Recorded information:
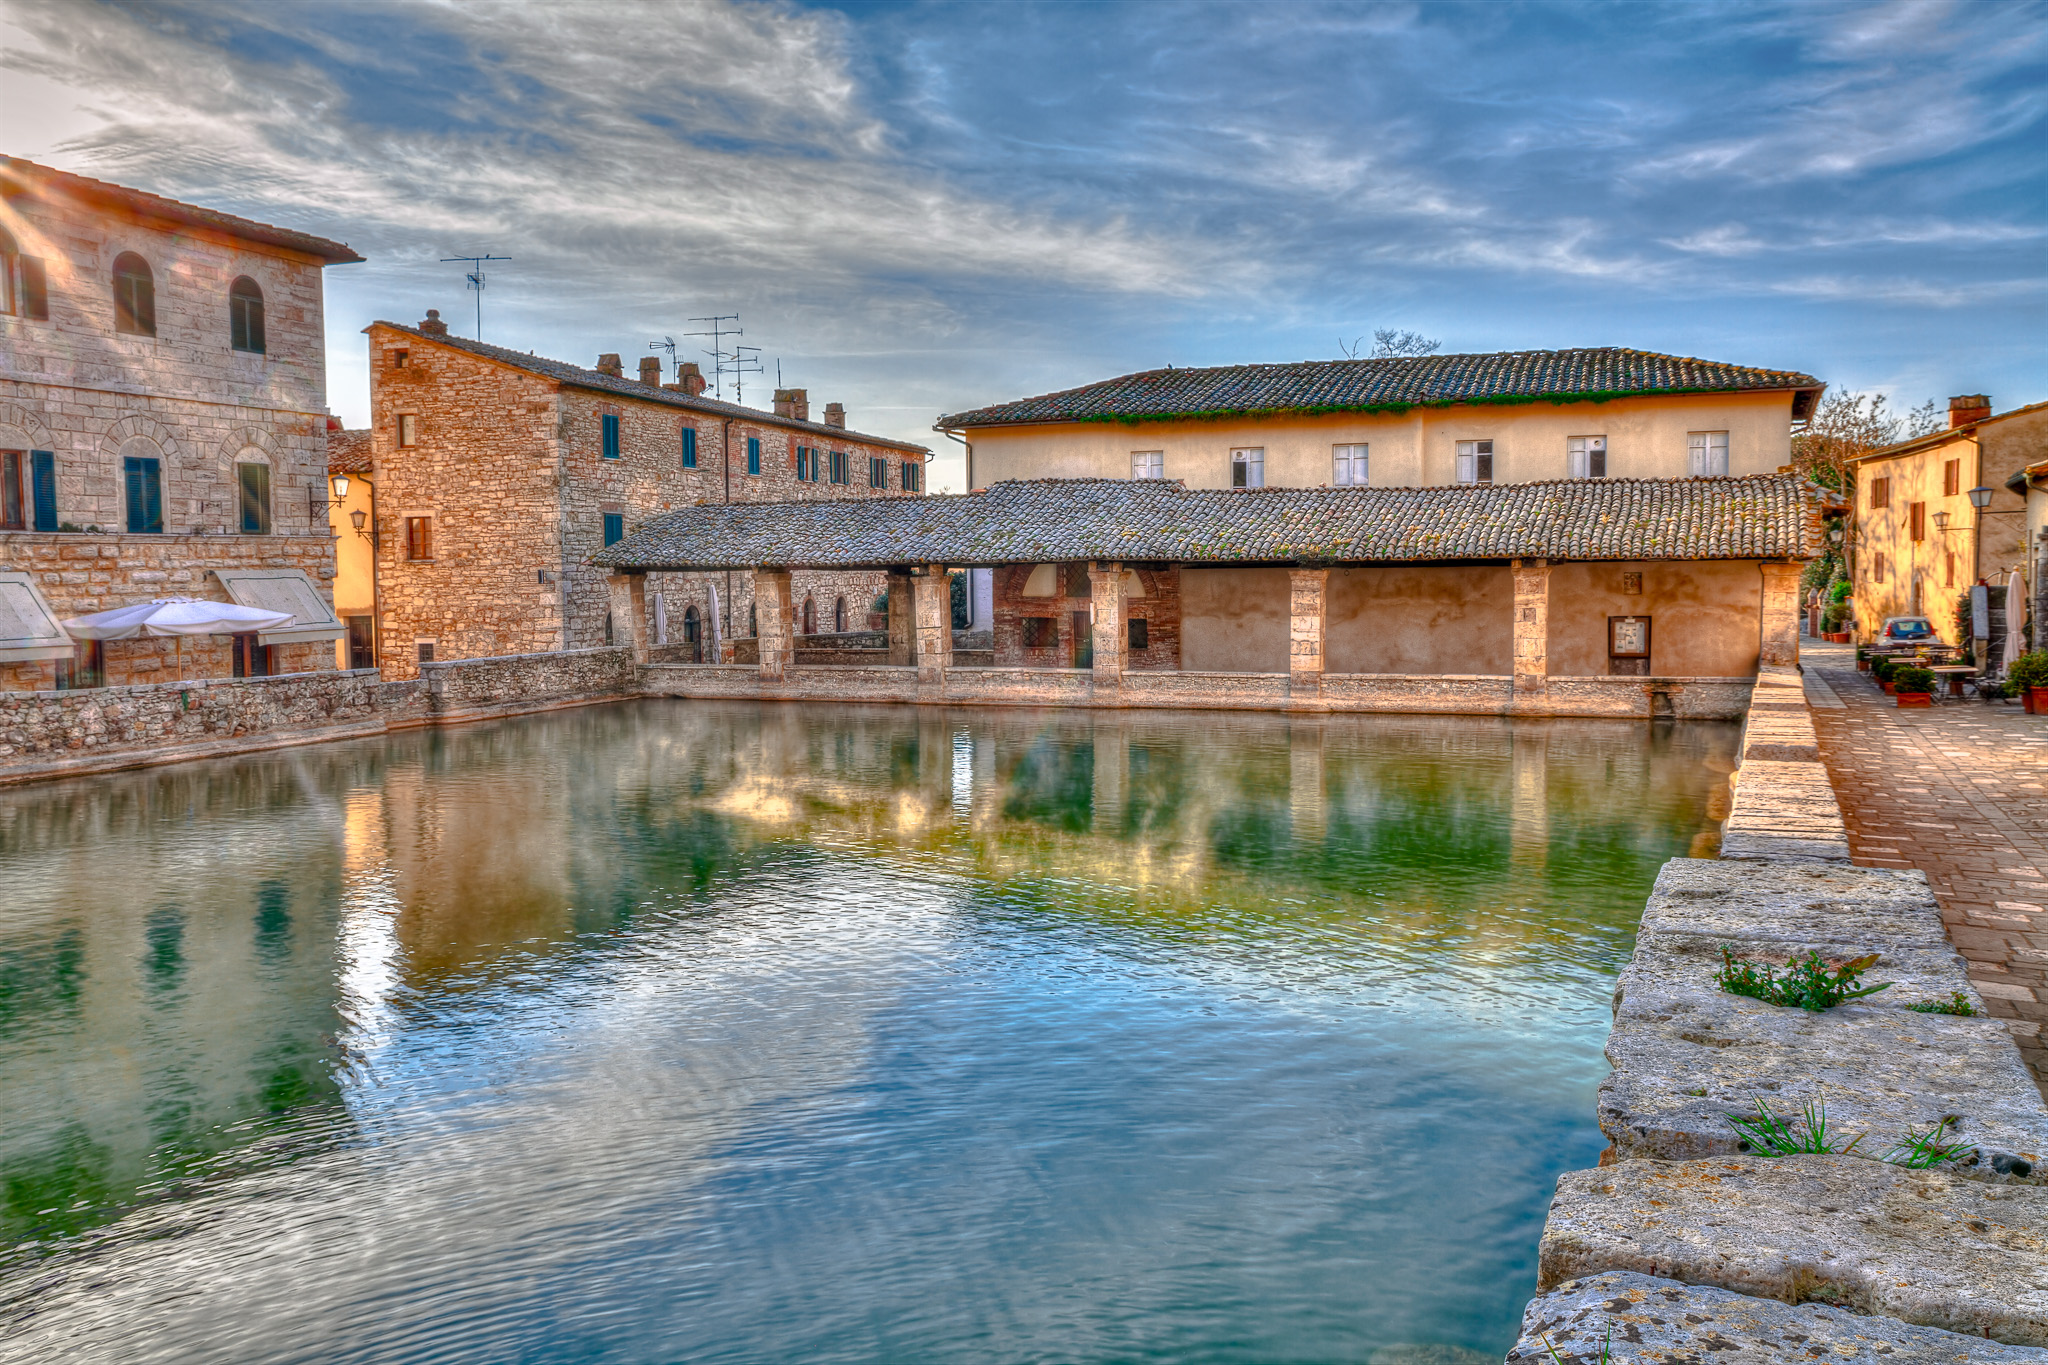 Bagno Vignoni, Siena, Tuscany, Italy: ancient thermal baths in t
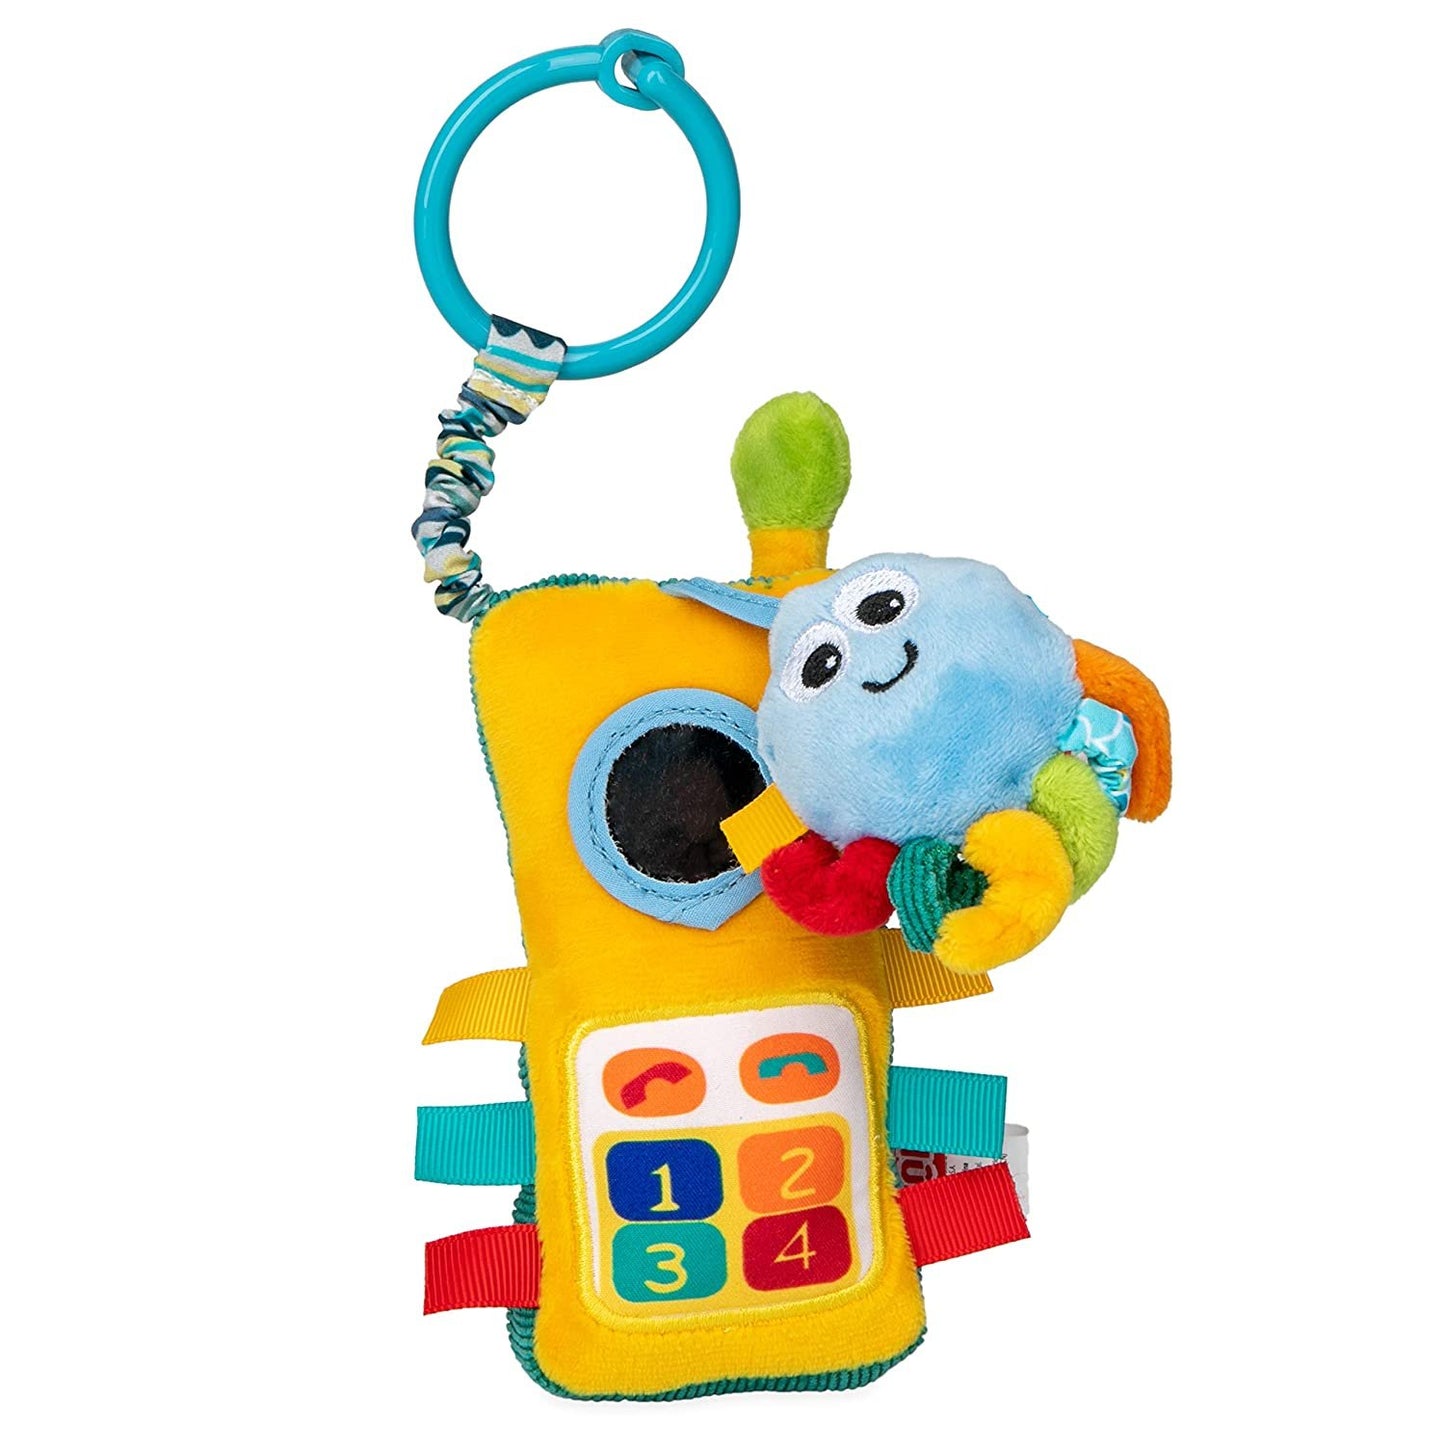 Nuby Plush Phone Pals Musical Hanging Toy with Connector Ring: 0M+, Multi
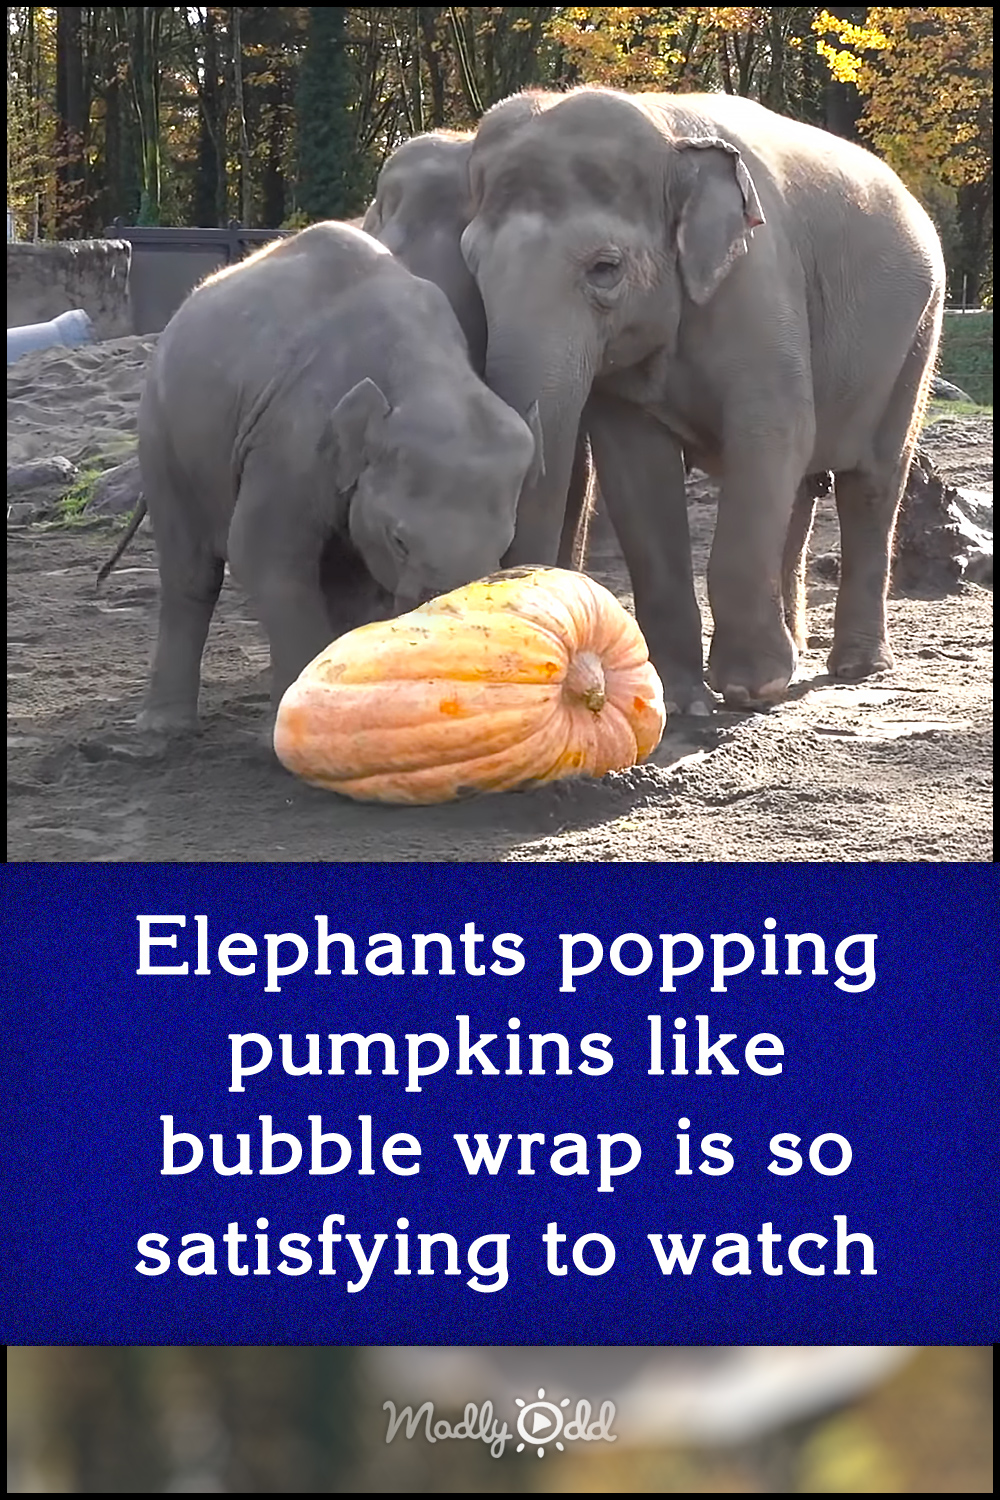 Elephants popping pumpkins like bubble wrap is so satisfying to watch

Activity: Your copy should match the data above exactly, apart from the pictures.

Response box:
 Bagno Vignoni, Siena, Tuscany, Italy: ancient thermal baths in t
 Nuby Plush Phone Pals Musical Hanging Toy with Connector Ring: 0M+, Multi
 Elephants popping pumpkins like bubble wrap is so satisfying to watch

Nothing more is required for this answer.